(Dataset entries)
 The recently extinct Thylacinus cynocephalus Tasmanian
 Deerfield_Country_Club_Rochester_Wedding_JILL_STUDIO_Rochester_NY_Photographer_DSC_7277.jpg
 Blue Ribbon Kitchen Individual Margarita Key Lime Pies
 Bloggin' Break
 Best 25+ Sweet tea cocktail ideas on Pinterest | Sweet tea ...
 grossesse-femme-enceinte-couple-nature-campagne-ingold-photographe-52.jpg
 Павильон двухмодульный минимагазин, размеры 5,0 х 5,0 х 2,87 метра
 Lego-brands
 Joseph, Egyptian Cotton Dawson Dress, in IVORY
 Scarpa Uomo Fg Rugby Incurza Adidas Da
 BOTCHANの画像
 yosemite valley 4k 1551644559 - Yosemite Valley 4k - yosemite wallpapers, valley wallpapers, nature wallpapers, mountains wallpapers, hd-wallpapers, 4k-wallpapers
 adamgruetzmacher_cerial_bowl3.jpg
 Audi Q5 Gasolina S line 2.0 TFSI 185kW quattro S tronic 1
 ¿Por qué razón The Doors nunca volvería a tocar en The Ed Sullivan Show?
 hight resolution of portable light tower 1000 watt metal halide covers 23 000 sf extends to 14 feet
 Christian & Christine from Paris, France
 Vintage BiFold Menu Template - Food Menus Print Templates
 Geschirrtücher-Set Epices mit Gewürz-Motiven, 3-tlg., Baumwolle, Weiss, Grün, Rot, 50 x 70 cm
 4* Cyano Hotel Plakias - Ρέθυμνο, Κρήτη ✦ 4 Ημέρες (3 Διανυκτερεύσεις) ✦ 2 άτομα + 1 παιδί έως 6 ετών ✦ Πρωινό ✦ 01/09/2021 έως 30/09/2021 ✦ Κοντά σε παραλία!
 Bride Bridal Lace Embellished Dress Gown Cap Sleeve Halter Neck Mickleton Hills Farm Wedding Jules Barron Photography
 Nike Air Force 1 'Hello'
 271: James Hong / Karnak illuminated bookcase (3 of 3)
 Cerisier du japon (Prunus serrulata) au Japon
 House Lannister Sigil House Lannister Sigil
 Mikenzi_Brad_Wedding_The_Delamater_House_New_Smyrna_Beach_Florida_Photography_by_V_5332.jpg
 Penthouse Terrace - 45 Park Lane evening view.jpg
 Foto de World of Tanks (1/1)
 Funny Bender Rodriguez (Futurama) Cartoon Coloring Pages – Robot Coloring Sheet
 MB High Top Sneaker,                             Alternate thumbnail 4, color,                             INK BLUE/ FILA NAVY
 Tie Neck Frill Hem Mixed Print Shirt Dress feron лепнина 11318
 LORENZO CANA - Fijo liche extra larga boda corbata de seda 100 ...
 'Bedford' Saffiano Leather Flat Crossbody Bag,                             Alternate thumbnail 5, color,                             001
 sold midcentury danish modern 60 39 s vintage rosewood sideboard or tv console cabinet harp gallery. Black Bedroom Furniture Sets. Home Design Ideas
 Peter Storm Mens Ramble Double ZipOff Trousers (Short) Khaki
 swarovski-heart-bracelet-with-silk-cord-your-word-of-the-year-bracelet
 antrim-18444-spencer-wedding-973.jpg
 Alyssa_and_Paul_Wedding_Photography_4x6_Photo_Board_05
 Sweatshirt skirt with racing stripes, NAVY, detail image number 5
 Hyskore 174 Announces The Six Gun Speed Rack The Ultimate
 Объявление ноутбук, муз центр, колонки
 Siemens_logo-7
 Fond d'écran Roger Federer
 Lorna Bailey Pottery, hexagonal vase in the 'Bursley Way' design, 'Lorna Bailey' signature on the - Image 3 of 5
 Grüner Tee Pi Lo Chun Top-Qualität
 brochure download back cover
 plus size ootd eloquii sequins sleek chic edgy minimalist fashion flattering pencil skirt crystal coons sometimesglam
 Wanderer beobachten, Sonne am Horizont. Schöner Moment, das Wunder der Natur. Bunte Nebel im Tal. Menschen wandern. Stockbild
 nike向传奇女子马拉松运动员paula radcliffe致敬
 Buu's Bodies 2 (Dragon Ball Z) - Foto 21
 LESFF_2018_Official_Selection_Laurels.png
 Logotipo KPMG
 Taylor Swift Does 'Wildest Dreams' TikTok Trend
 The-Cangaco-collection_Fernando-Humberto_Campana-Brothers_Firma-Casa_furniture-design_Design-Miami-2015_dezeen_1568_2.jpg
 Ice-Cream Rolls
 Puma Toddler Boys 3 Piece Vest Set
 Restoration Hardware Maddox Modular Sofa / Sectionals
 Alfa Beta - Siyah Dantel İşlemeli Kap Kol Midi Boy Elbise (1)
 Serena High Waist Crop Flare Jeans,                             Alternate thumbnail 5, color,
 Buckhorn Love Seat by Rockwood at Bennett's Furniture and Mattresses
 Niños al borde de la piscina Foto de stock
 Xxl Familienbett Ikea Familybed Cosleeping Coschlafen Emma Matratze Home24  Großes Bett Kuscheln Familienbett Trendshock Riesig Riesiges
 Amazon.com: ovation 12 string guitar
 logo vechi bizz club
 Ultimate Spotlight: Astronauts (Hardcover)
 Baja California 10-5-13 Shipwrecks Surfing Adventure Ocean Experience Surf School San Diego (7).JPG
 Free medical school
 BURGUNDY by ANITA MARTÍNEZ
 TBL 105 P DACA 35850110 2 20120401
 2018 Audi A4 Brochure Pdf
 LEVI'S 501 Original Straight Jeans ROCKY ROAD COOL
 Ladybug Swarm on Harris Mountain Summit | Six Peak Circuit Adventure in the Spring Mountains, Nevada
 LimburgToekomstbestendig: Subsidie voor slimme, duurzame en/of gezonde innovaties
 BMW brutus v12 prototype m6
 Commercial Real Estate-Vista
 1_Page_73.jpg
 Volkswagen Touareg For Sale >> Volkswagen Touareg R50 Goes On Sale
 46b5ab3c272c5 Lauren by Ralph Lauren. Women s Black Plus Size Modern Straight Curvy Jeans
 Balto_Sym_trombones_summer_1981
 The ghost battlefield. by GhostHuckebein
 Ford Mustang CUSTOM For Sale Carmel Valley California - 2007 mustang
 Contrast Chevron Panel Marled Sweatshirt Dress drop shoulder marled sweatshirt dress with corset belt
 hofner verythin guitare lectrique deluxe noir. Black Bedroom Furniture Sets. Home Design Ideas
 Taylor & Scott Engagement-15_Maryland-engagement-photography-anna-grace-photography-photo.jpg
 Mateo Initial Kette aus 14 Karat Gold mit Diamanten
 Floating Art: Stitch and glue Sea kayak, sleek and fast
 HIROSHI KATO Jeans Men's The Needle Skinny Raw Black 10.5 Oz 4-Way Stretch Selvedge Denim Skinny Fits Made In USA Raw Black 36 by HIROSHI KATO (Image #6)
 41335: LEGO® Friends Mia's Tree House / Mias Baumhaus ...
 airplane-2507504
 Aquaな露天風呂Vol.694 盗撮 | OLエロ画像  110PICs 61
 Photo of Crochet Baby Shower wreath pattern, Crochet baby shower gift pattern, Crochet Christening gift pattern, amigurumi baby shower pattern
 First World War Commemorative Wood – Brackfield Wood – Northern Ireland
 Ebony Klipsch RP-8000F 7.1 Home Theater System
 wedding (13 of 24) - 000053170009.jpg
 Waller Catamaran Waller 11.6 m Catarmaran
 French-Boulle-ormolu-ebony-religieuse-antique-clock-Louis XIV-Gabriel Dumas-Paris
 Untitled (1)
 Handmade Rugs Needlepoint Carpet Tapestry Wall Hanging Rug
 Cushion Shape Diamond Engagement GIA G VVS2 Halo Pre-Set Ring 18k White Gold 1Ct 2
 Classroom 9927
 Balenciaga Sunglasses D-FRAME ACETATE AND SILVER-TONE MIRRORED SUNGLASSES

**What you have to do:** Out of the entries, report each line that contains the word "Foto".

**Your solution:**
 Foto de World of Tanks (1/1)
 Buu's Bodies 2 (Dragon Ball Z) - Foto 21
 Niños al borde de la piscina Foto de stock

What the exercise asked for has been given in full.